Koby (profile) says:

All Included

From the “There Outta Be A Law” Department:

There ought to be a law that any fees beyond the advertised price must be optional. The base service must work without optional services. Although the provider can advertise and charge any price they want, mandatory fees constitute false advertising.

Anonymous Coward says:

Re:

Completely agree. The ISPs have their “infrastructure” fees, hotels have “resort” fees, restaurants near me have had a “livable wage” fee for a few years now, and it just keeps going and expanding as more businesses come up with creative ways to charge you more than the advertised price. We really need a law that forbids below the line charges. I’d go a step further and state you have to include the government imposed fees in advertising (either the actual cost or a range if it may vary within the advertising market).

Whoever says:

Re: Re: Other businesses

Can you imagine if other industries tried to get away with this?

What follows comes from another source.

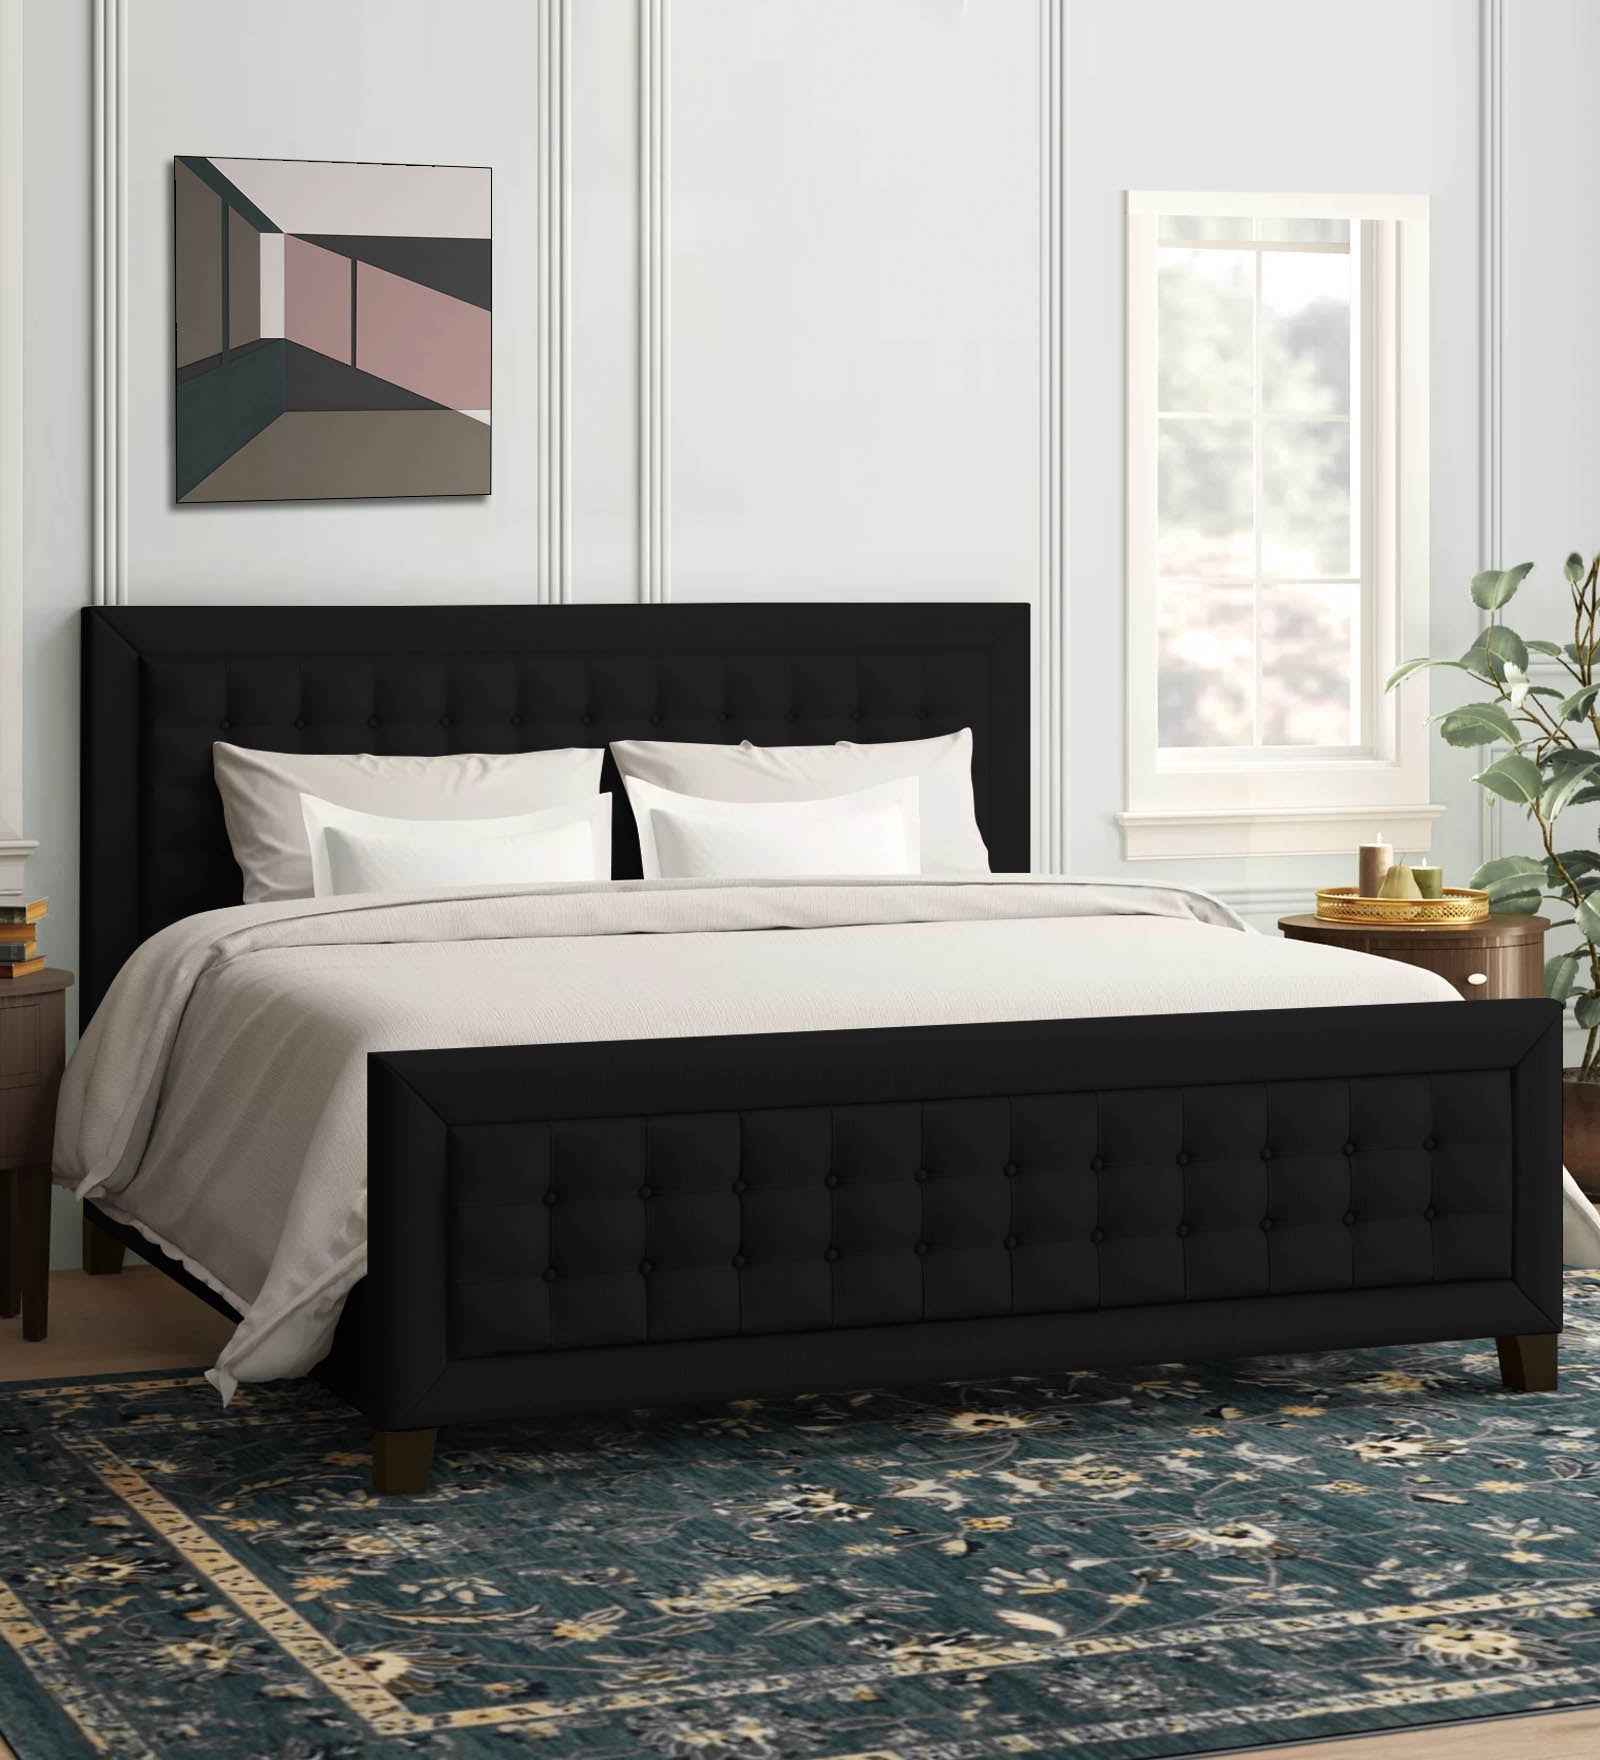 Kaster Fabric King Size Bed In Zed Black Colour

They do. Car rentals (why should I pay a special fee for the tax they pay on the car, when they still have to pay that tax if I don’t rent the car and it stays in the garage). Why not a special fee for the property taxes on their HQ?

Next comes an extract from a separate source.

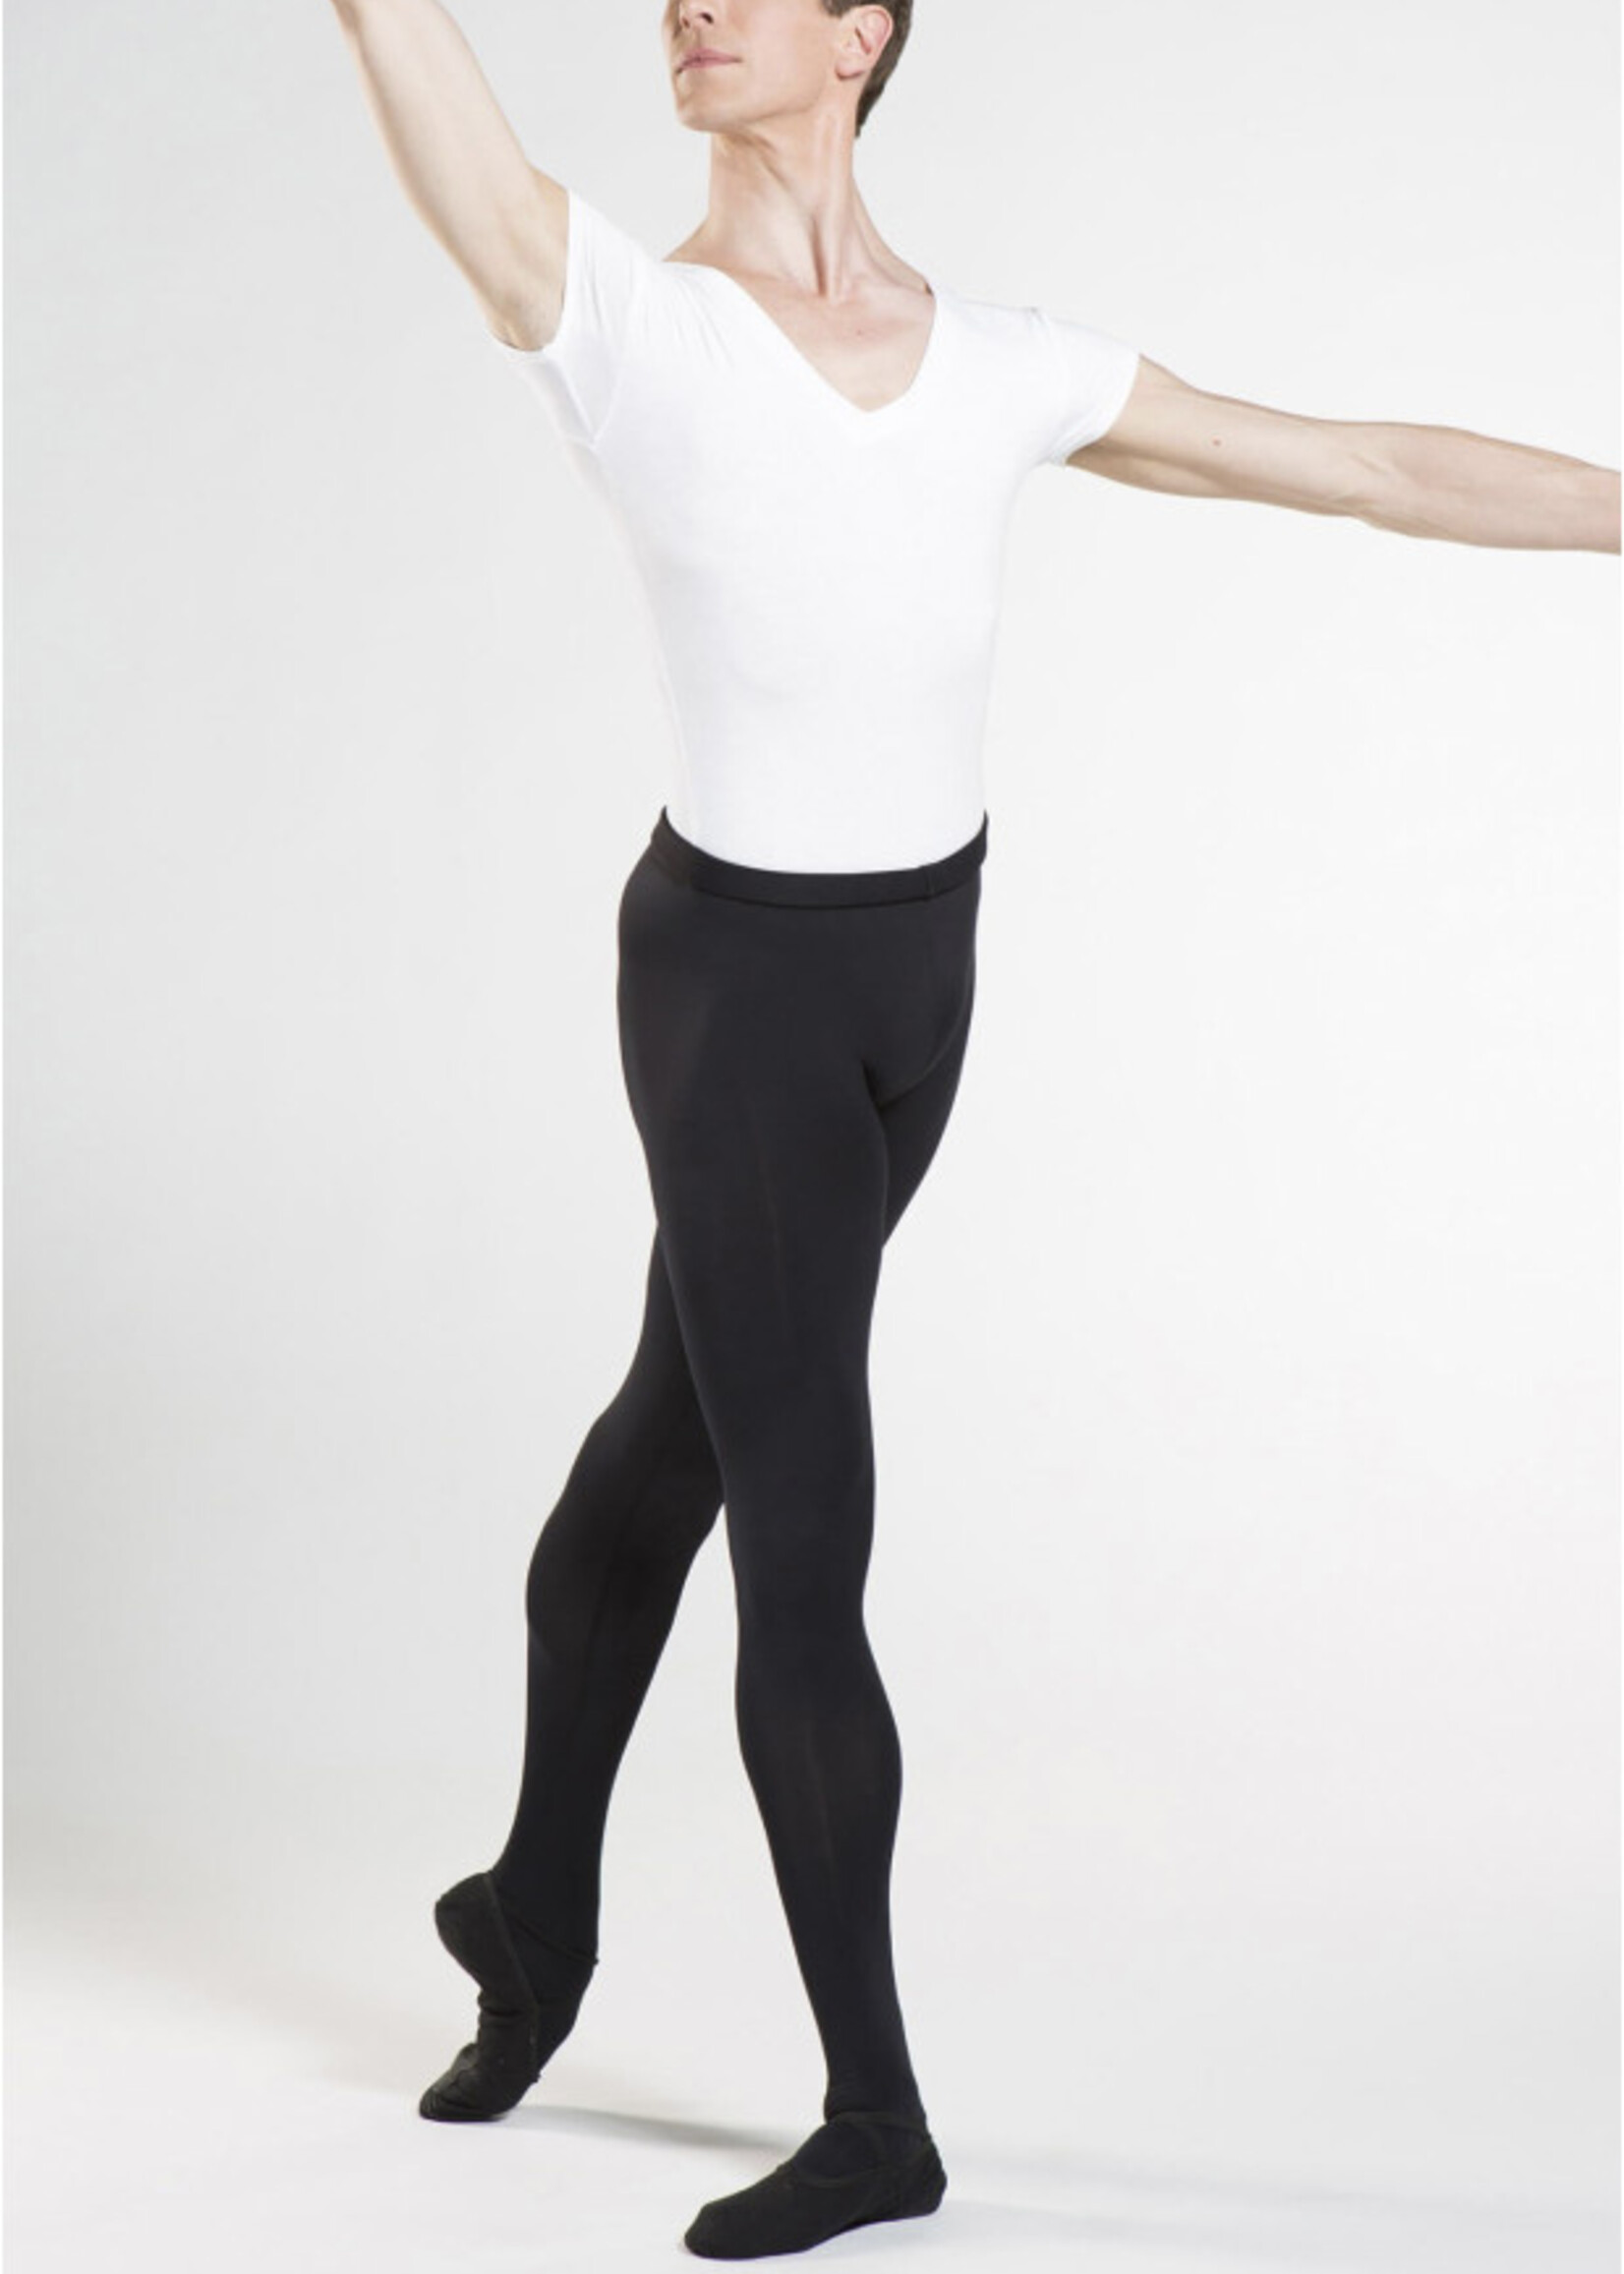 Mens Solo Cotton Footed Tights - Tights - Footed Tights

Buying cars. All the bullshit that dealers add.

Airlines.

Ticketing fees,

Etc, etc..

Anonymous Coward says:

Re:

Bravely bold Sir Koby
Rode forth from the Internet.
He was not afraid to die,
Oh brave Sir Koby.
He was not at all afraid
To be killed in nasty ways.
Brave, brave, brave, brave Sir Koby.
He was not in the least bit scared
To be mashed into a pulp.
Or to have his eyes gouged out,
And his elbows broken.
To have his kneecaps split
And his body burned away,
And his limbs all hacked and mangled
Brave Sir Koby.
His head smashed in
And his heart cut out
And his liver removed
And his bowls unplugged

David says:

I like "regulatory recovery fee"

Other ISPs charge “regulatory recovery fees” that are just nonsensical ways to fatten revenue dressed up with a name to trick users into falsely blaming government.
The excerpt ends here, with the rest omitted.